** SUPPLIED DATA follows **
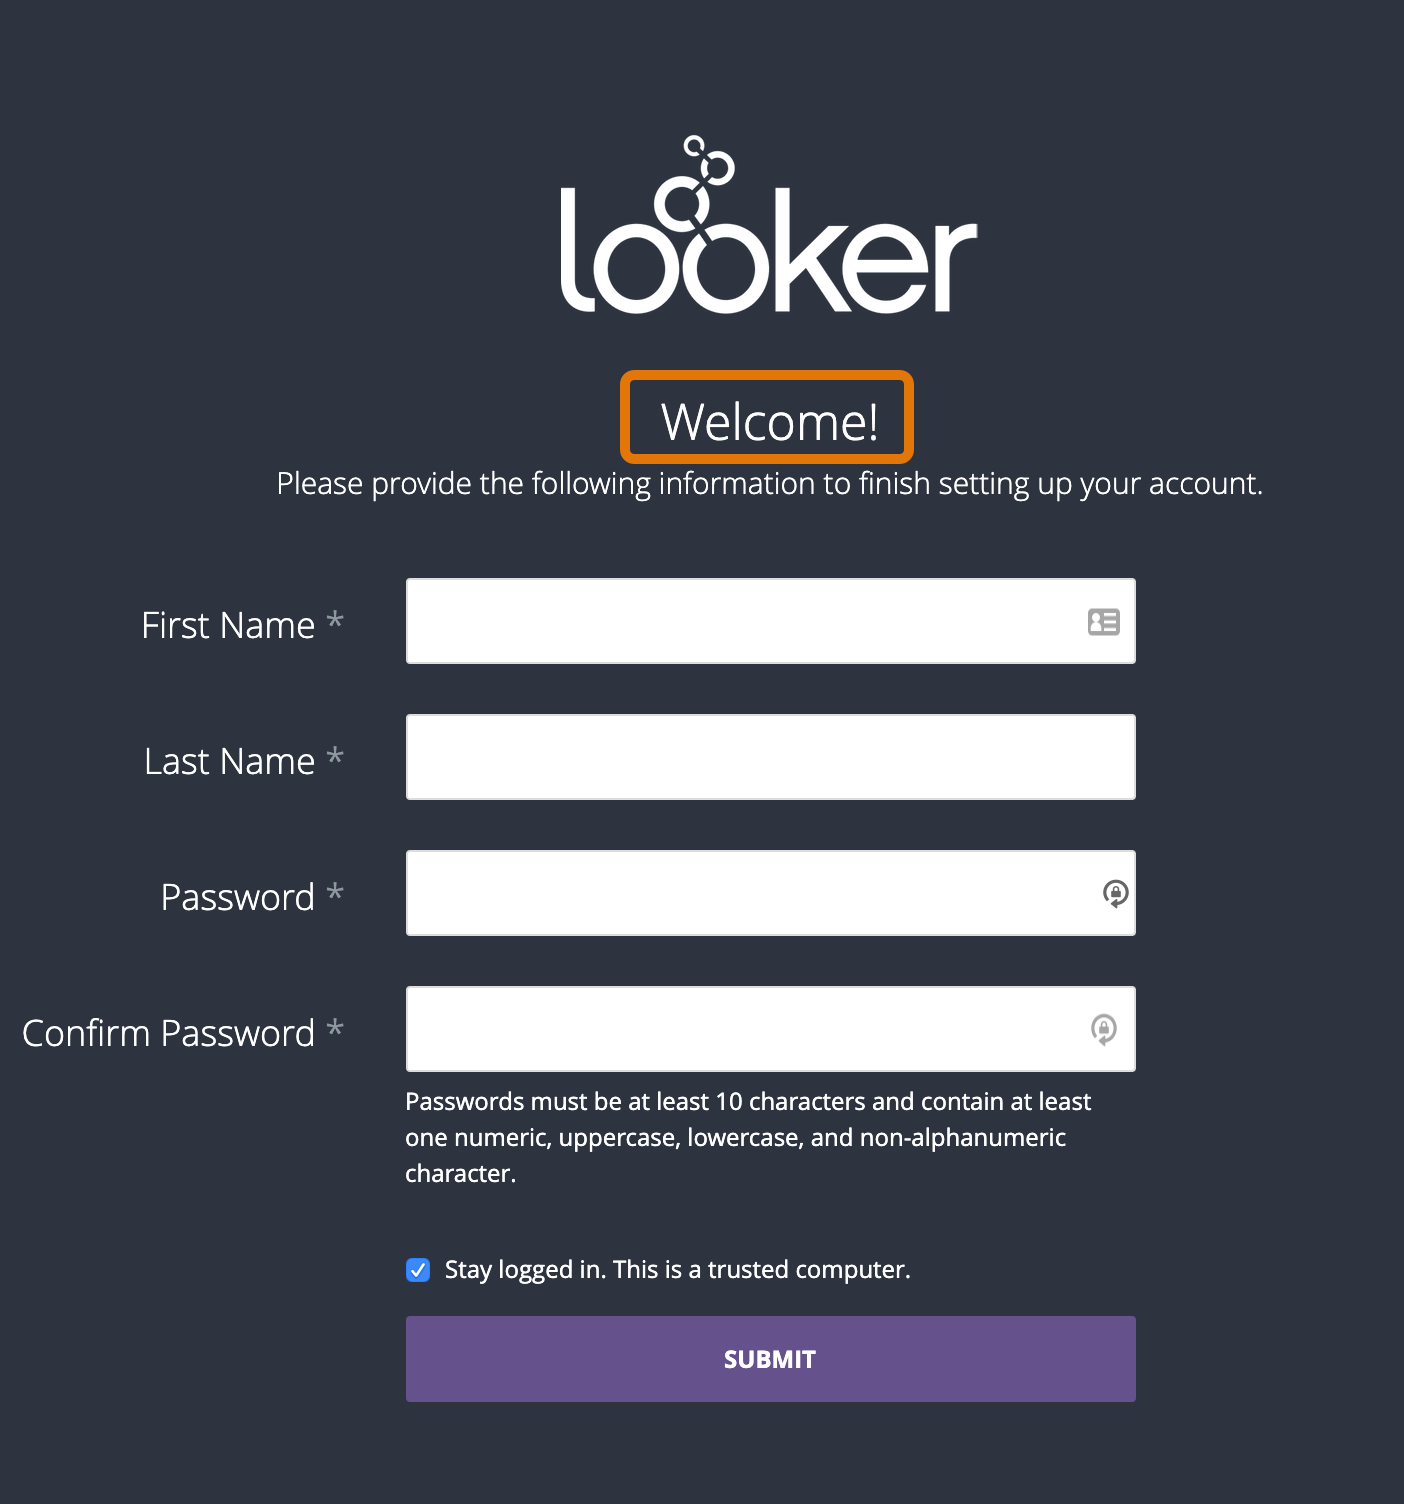 A screenshot of the Looker account setup page. There is a Looker logo at the top of the page, followed by the text 'Welcome!'
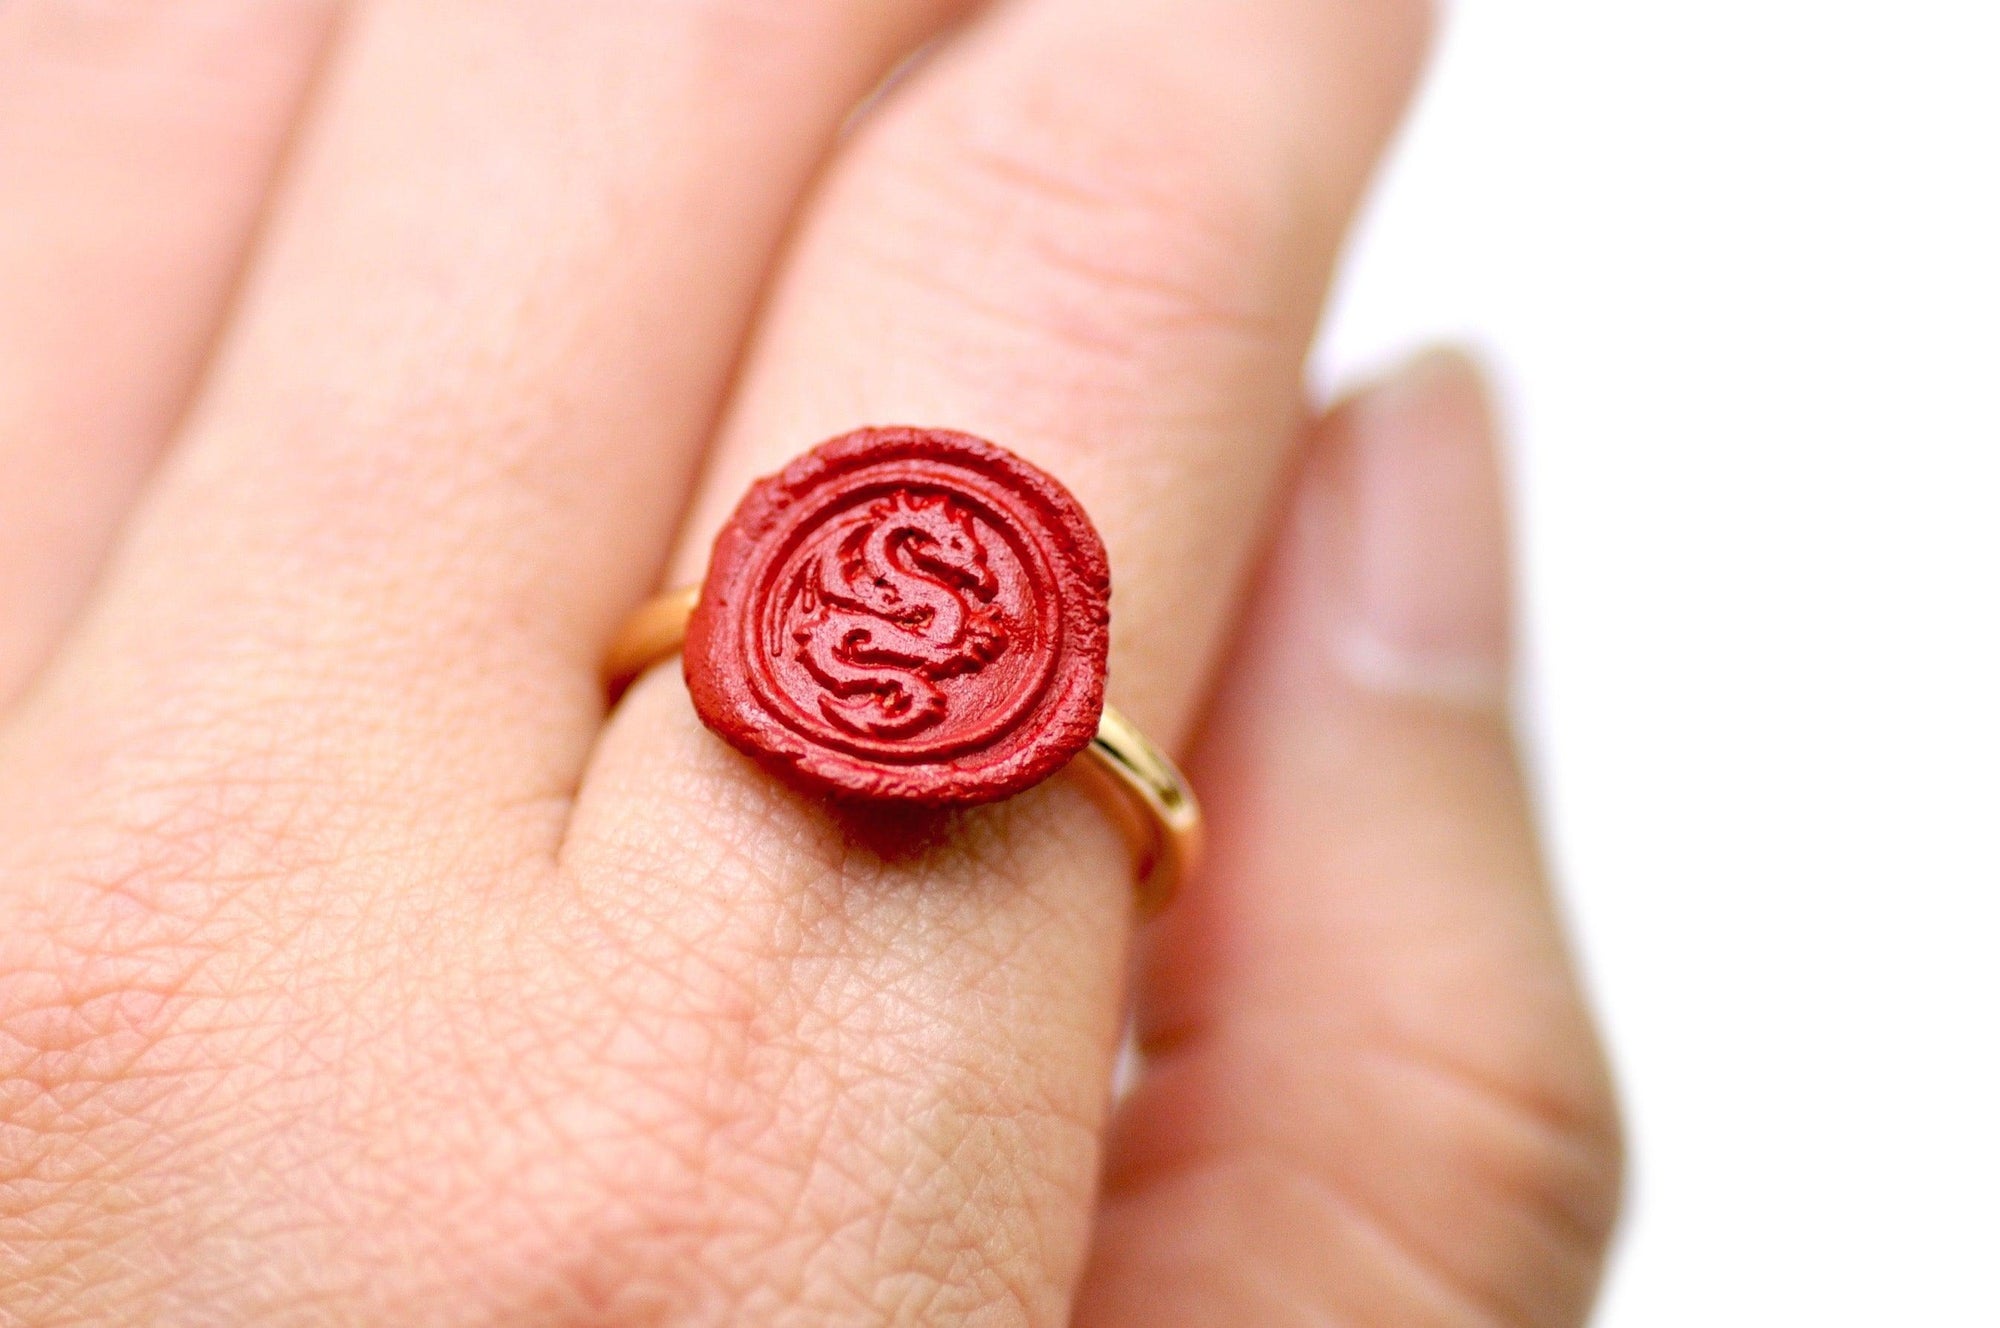 OOAK Dragon Wax Seal Ring - Backtozero B20 - Dragon, Handmade, Mythical Creatures, OOAK, Red, ring, Rose Red, size 7
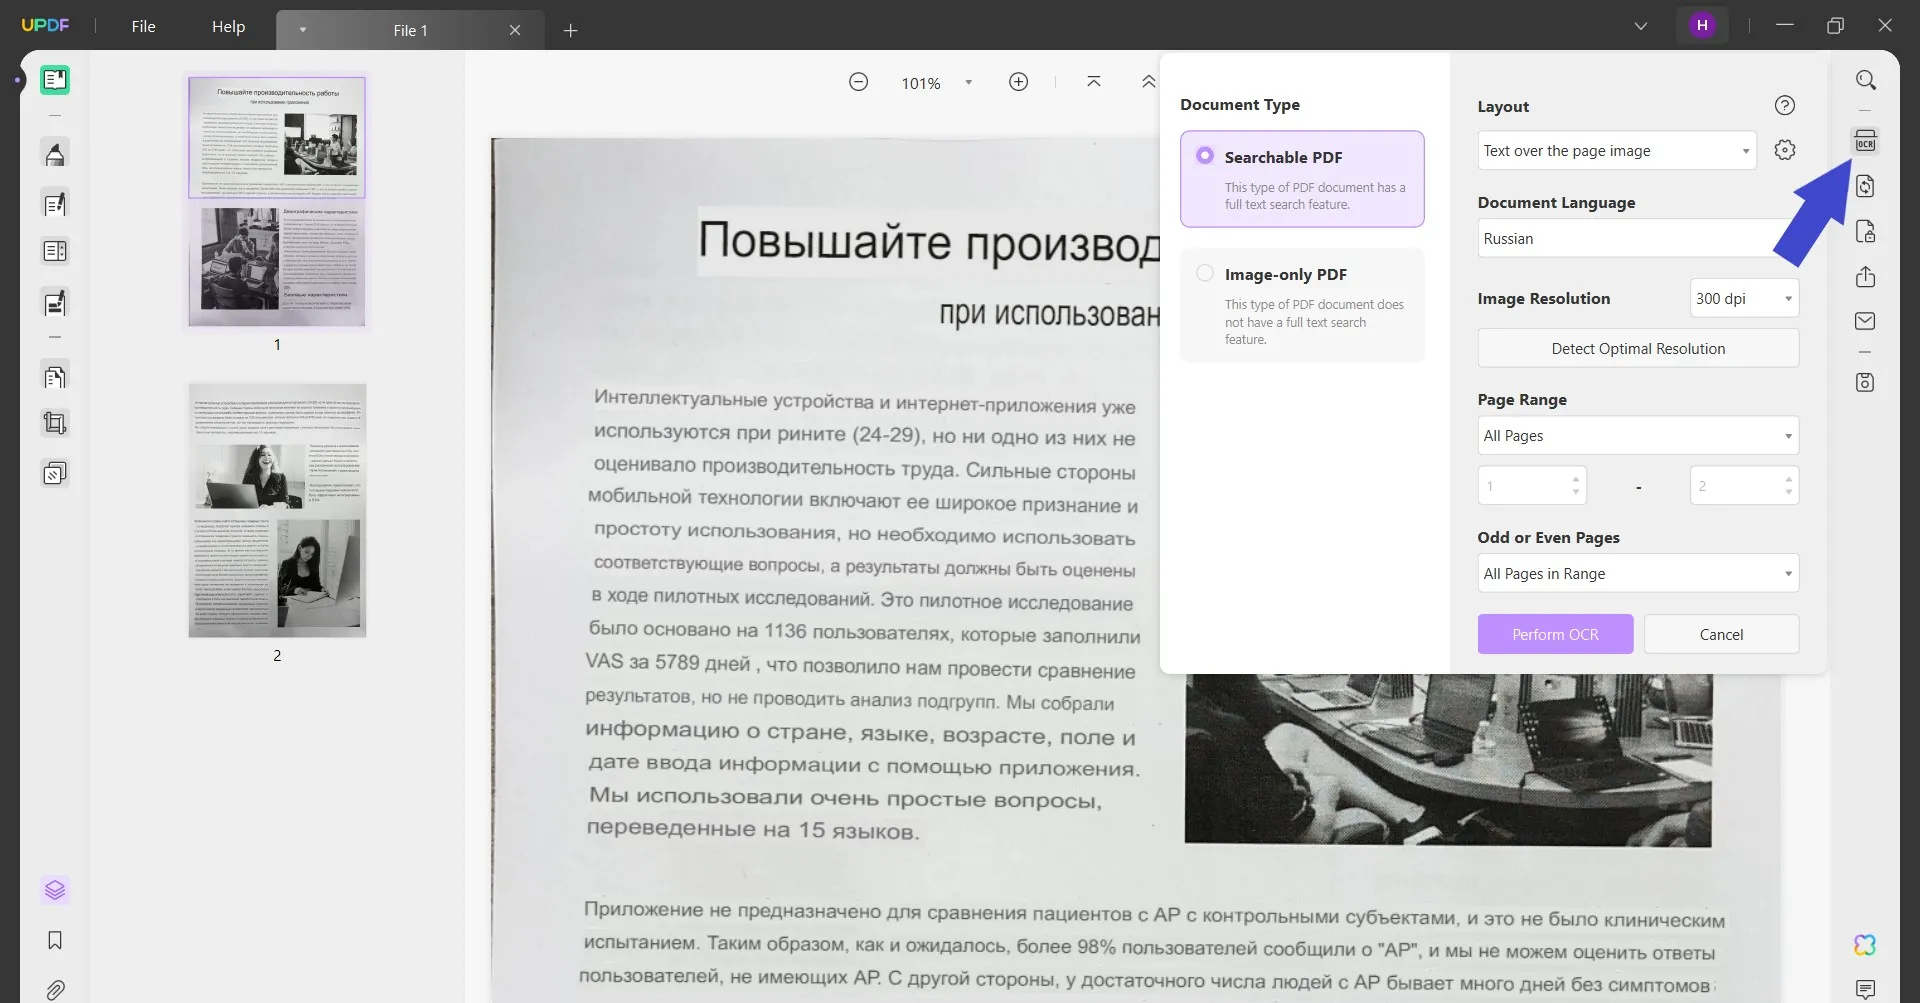 translate image russian to english perform ocr
** End of SUPPLIED DATA **
-- REQUIRED WORK --
Your task is to repeat the material above exactly, without its pictures.

-- TASK RESPONSE --
 A screenshot of the Looker account setup page. There is a Looker logo at the top of the page, followed by the text 'Welcome!'
 OOAK Dragon Wax Seal Ring - Backtozero B20 - Dragon, Handmade, Mythical Creatures, OOAK, Red, ring, Rose Red, size 7
 translate image russian to english perform ocr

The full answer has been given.